Took her home, washed her, fed her, found out Kyra's a loving, snuggly, sociable cat who likes everyone, human or animal. She's going to be Ari's new companion. I've been thinking of finding him a playmate for a long time and in she walked. The best cats pick themselves.

Ari tends to get along well with female cats and kittens, while Kyra loves everybody, purrs, greets and gets cuddly. I think they'll get along well! So here's the start of sketching my new model - and her unusual markings. She has points, but she's a calico in the dark areas! Dark brown ears and tail, ginger patches next to the brown and one ginger hind foot, very pale body and white patches within her points. One little brown spot on her pink nose. Sweet, cute and unique!

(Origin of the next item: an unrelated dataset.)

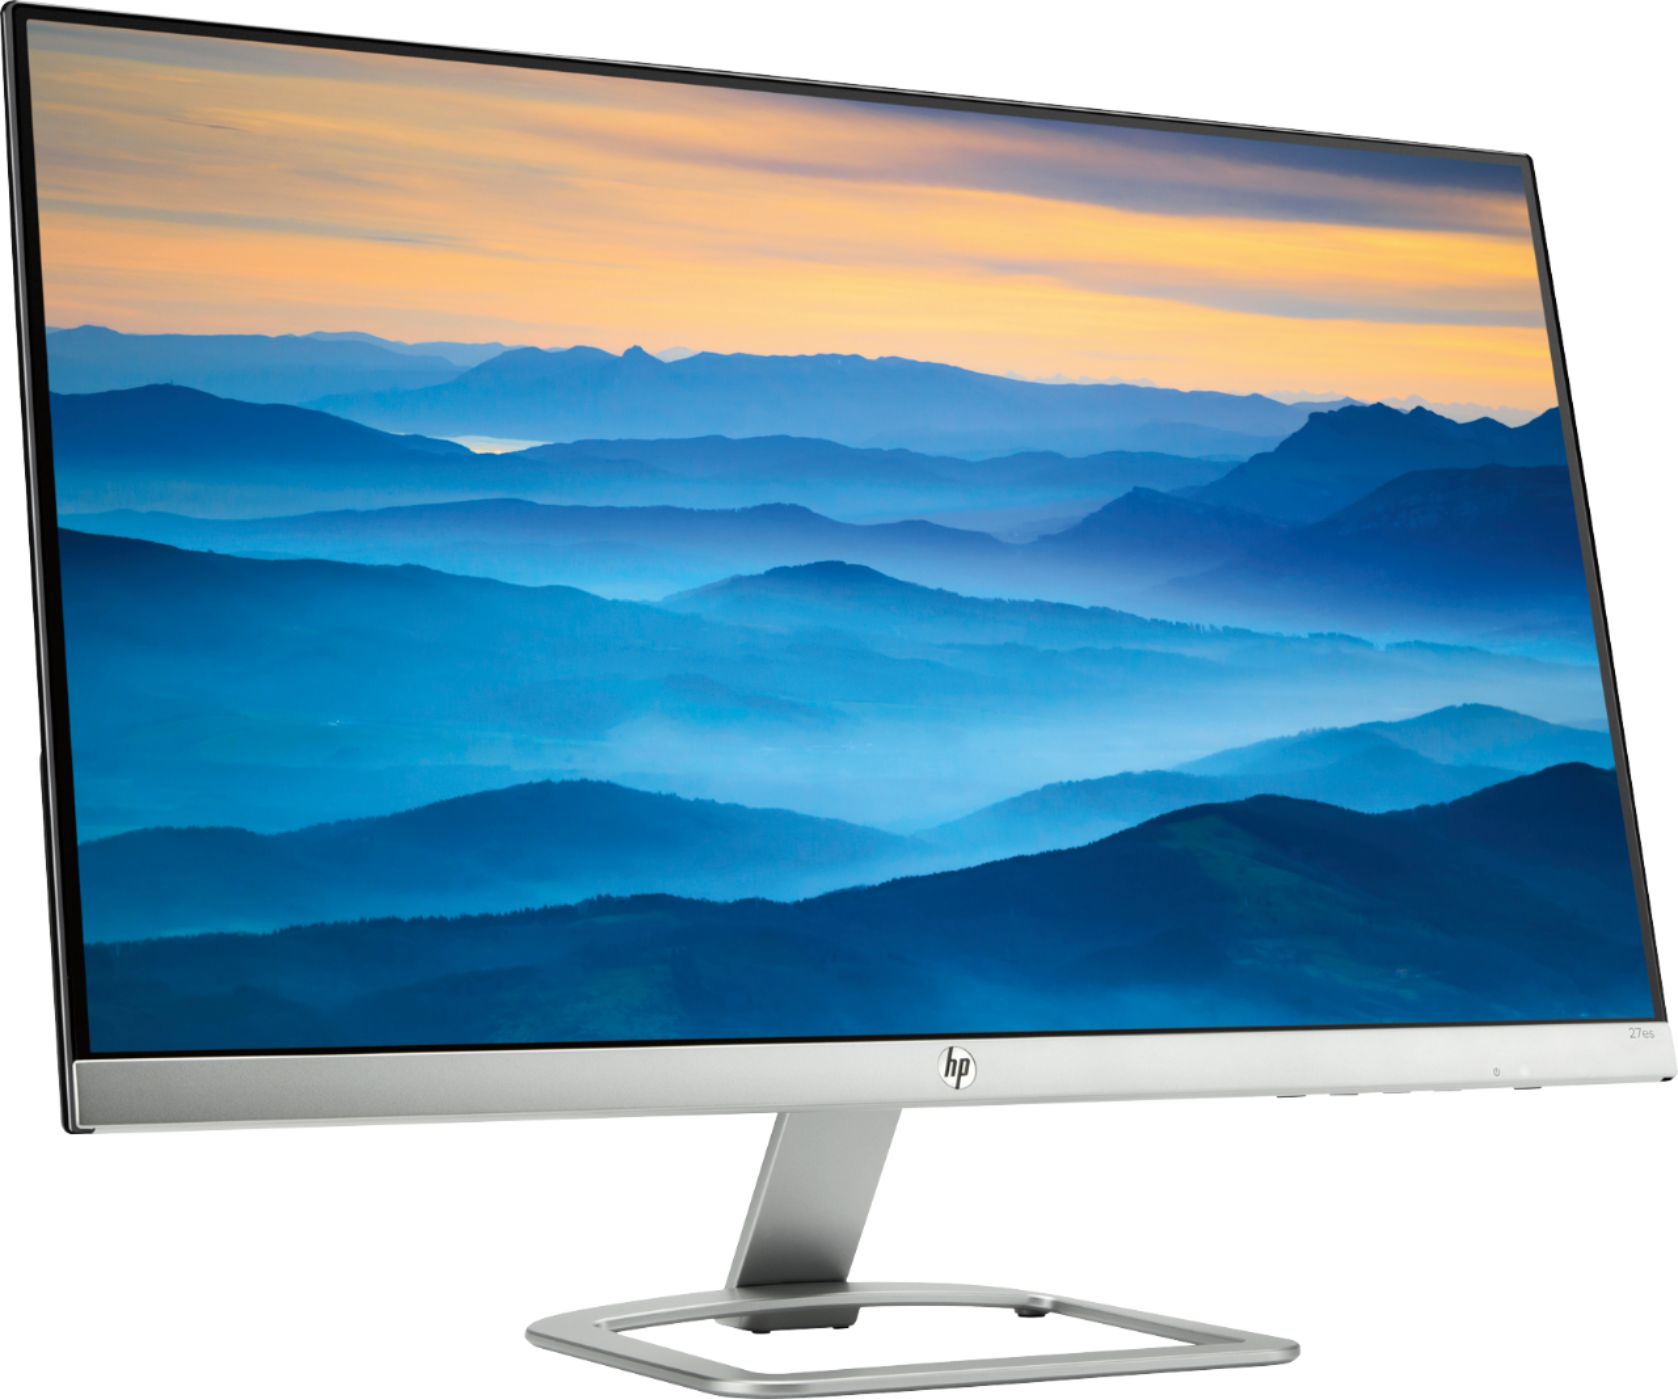 Angle View: HP - Geek Squad Certified Refurbished 27" IPS LED FHD Monitor - Natural Silver

This is the beginning of a beautiful friendship.

Thursday, November 12, 2015

Pears from Life

Pears from Life
Neocolor II artist crayons on large watercolor Moleskine

Today's painting is actually catching up for yesterday, unless I get in another sketch or something I'm still one day behind. I probably will though. This took me a while since I did the first layer lightly and washed it. The whole page curled up when I did and you can see that original wash in the background that I didn't color over because I liked it - a mix of black, Ultramarine and white layering.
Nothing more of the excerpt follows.